我的awk或sed的实现是否会降低速度?我可以将其分解为几个较小的循环并在多个处理器上运行,但一个脚本更容易。

#!/bin/zsh
#1000 configs per file

alpha=( a b c d e f g h i j k l m n o p q r s t u v w x y z )
m=1000 # number of configs per file
t=1 #file number
for (( i=1; i<=4; i++ )); do
  for (( j=i; j<=26; j++ )); do
    input="arc"${alpha[$i]}${alpha[$j]}
    n=1 #line number
    #length=`sed -n ${n}p $input| awk '{printf("%d",$1)}'`
    #(( length= $length + 1 ))
length=644

for ((k=1; k<=$m; k++ )); do
    echo "$hmbi" >> ~/Glycine_Tinker/configs/config$t.in
    echo "jobtype = energy" >> ~/Glycine_Tinker/configs/config$t.in
    echo "analyze_only = false" >> ~/Glycine_Tinker/configs/config$t.in
    echo "qm_path = qm_$t" >> ~/Glycine_Tinker/configs/config$t.in
    echo "mm_path = aiff_$t" >> ~/Glycine_Tinker/configs/config$t.in
    cat head.in >> ~/Glycine_Tinker/configs/config$t.in
    water=4
    echo $k
  for (( l=1; l<=$length; l++ )); do
    natom=`sed -n ${n}p $input| awk '{printf("%d",$1)}'`
    number=`sed -n ${n}p $input| awk '{printf("%d",$6)}'`
    if [[ $natom -gt 10 && $number -gt 0 ]]; then
     symbol=`sed -n ${n}p $input| awk '{printf("%s",$2)}'`
     x=`sed -n ${n}p $input| awk '{printf("%.10f",$3)}'`
     y=`sed -n ${n}p $input| awk '{printf("%.10f",$4)}'`
     z=`sed -n ${n}p $input| awk '{printf("%.10f",$5)}'`

     if [[ $water -eq 4 ]]; then
     echo "--" >> ~/Glycine_Tinker/configs/config$t.in
     echo "0 1 0.4638" >> ~/Glycine_Tinker/configs/config$t.in
     water=1
     fi


     echo "$symbol  $x  $y  $z" >> ~/Glycine_Tinker/configs/config$t.in
     (( water= $water + 1 ))
    fi
    (( n= $n + 1 ))

  done
  cat tail.in >> ~/Glycine_Tinker/configs/config$t.in
  (( t= $t + 1 ))
 done

 done

done

2 个解决方案

#1


One thing that is going to be killing you here is the sheer number of processes being created. Especially when they are doing the exact same thing.
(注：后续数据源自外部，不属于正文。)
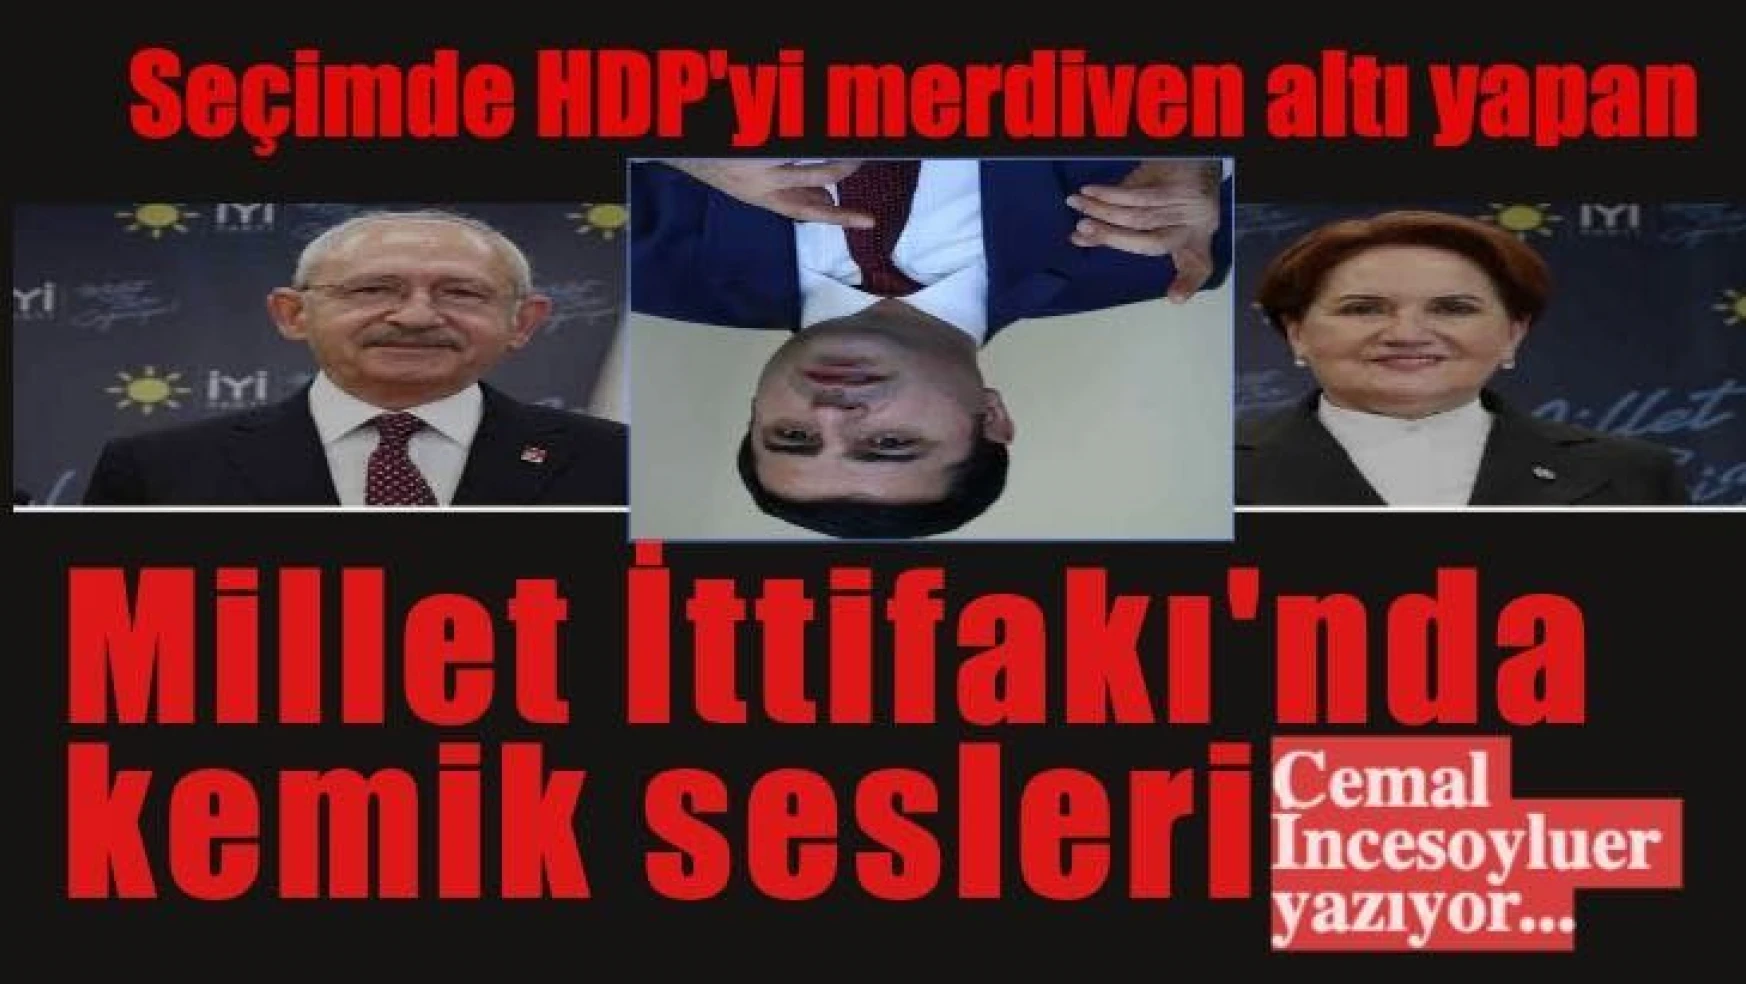 Yerel seçimde HDP'yi merdiven altı yapan Millet İttifak'ında kemik sesleri

在这里杀死你的一件事是创建的进程数量庞大。特别是当他们做同样的事情时。

Consider doing the sed -n ${n}p $input once per loop iteration.

考虑每循环迭代执行一次sed -n $ {n} p $输入。

Also consider doing the equivalent of awk as a shell array assignment, then accessing the individual elements.

还要考虑将awk等效于shell数组赋值,然后访问各个元素。

With these two things you should be able to get the 12 or so processes (and the shell invocation via back quotes) down to a single shell invocation and the backquote.

有了这两件事,您应该能够将12个左右的进程(以及通过后引号的shell调用)下载到单个shell调用和反引号。

#2


Obviously, Ed's advice is far preferable, but if you don't want to follow that, I had a couple of thoughts...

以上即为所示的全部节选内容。